Le président de la Commission, le juge Chidyausiku, est membre du ZANU-PF, et il a été député désigné au Parlement, jusqu'à sa nomination comme juge à la Haute Cour. Gula-Ndebele est aussi militant du ZANU-PF et, jusqu'il y a peu, il travaillait au très puissant Bureau des adjudications. De plus, il émarge au Fonds des victimes de guerre et il faudrait examiner de près sa requête! L'évêque Peter Hatendi est membre depuis fort longtemps de la Commission de supervision des élections, tellement critiquée. Il a été nommé à cette place par le président Mugabe. Les organisations des citoyens et l'opposition, qui s'appuie sur une large base, considèrent la Commission de supervision des élections comme le bras du parti au pouvoir. Implicitement, on estime que l'évêque est ami et sympathisant du parti au pouvoir. D'autres membres de la Commission ont été, selon Masepe, nommés à la Commission d'enquête pour l'équilibrer au point de vue de la race et du sexe.

Le financement

A la suite des manifestations de l'an dernier, le président Mugabe consentit à verser une prime de Z$ 50.000 à tous les anciens combattants et une pension mensuelle de Z$ 2.000 tous les mois, à partir du 1er janvier 1998. Cet accord conclu dans la hâte engage le gouvernement dans une dépense de Z$ 5,7 milliards pour la première année d'application de l'accord, ce qui mettrait l'économie du pays dans la pagaille la plus complète. Dieu sait combien cela coûtera à l'avenir!

Le Fonds monétaire international (FMI) et la Banque mondiale ont immédiatement réagi. Pour apaiser la situation, le ministre des Finances du Zimbabwe, Herbert Murorwa, a annoncé à la mi-novembre qu'il entamait des coupes radicales dans les frais généraux afin d'avoir les fonds nécessaires pour les vétérans.
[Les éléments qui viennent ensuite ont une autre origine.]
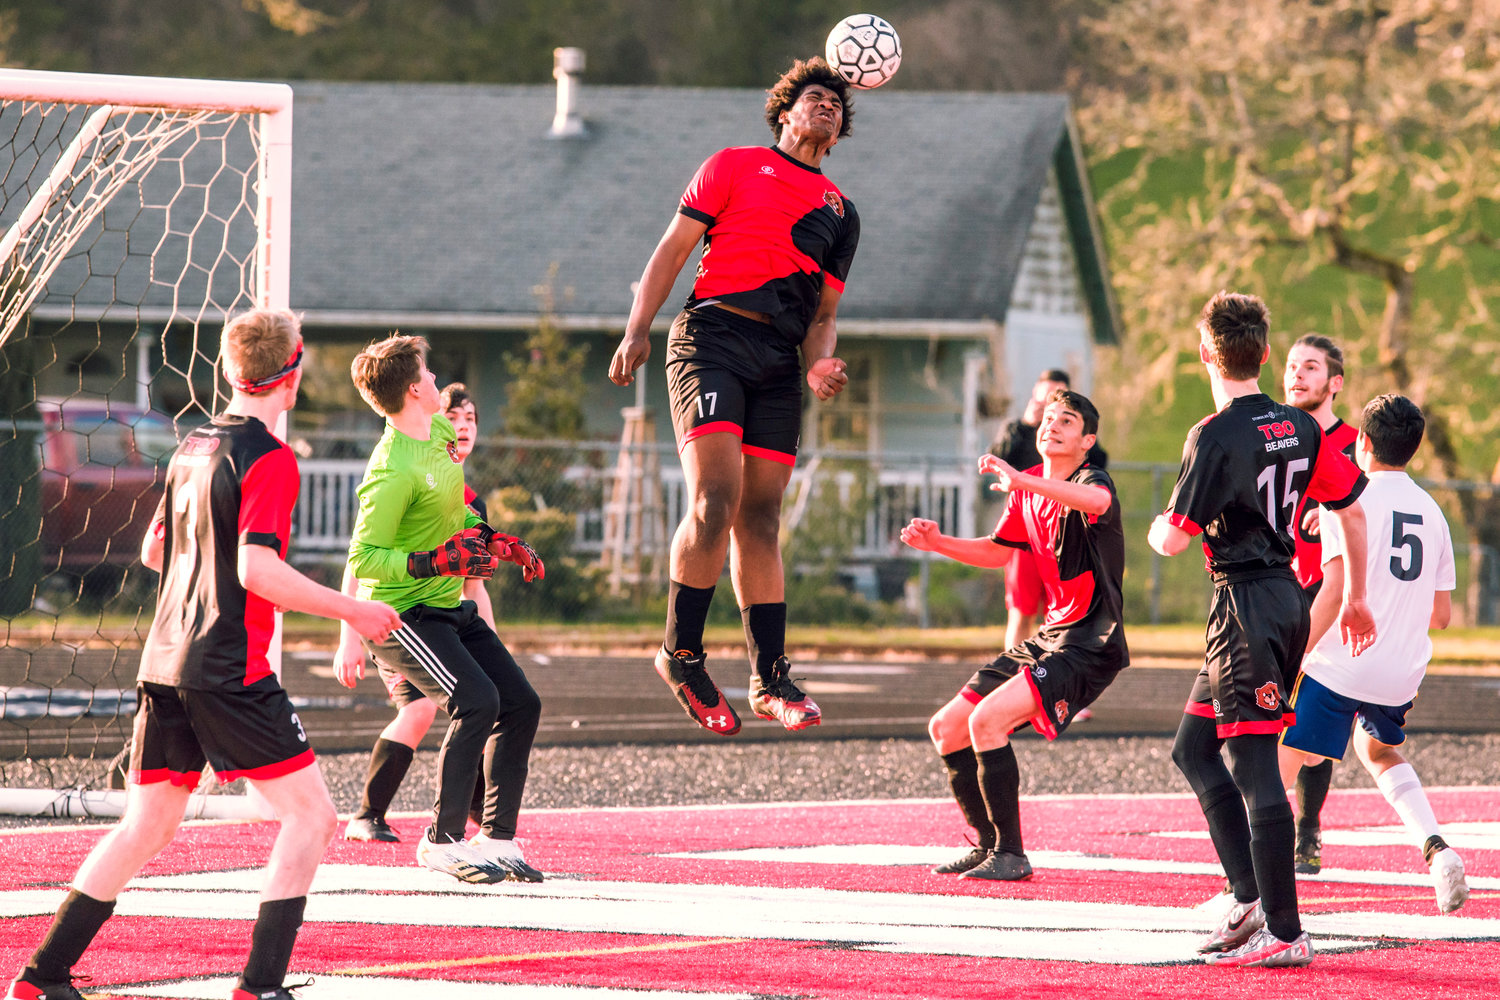 Tenino's Takari Hickle (17) makes a header during a game against Forks on Friday at Beaver Stadium.

Il niait que le déficit dépasserait les objectifs officiels du gouvernement, et il ajoutait qu'il mettait son espoir dans des mesures générant des recettes que son ministère était en train de préparer.

Le président Mugabe a fait savoir que les anciens combattants de la liberté ne seront pas les seuls à comparaître devant la Commission d'enquête Chidyausiku. Et il a insisté sur le fait que la Commission n'a pas été créée pour harceler les vétérans, mais pour fournir au gouvernement un rapport qui lui permettra de déterminer ce qu'il faut faire par la suite.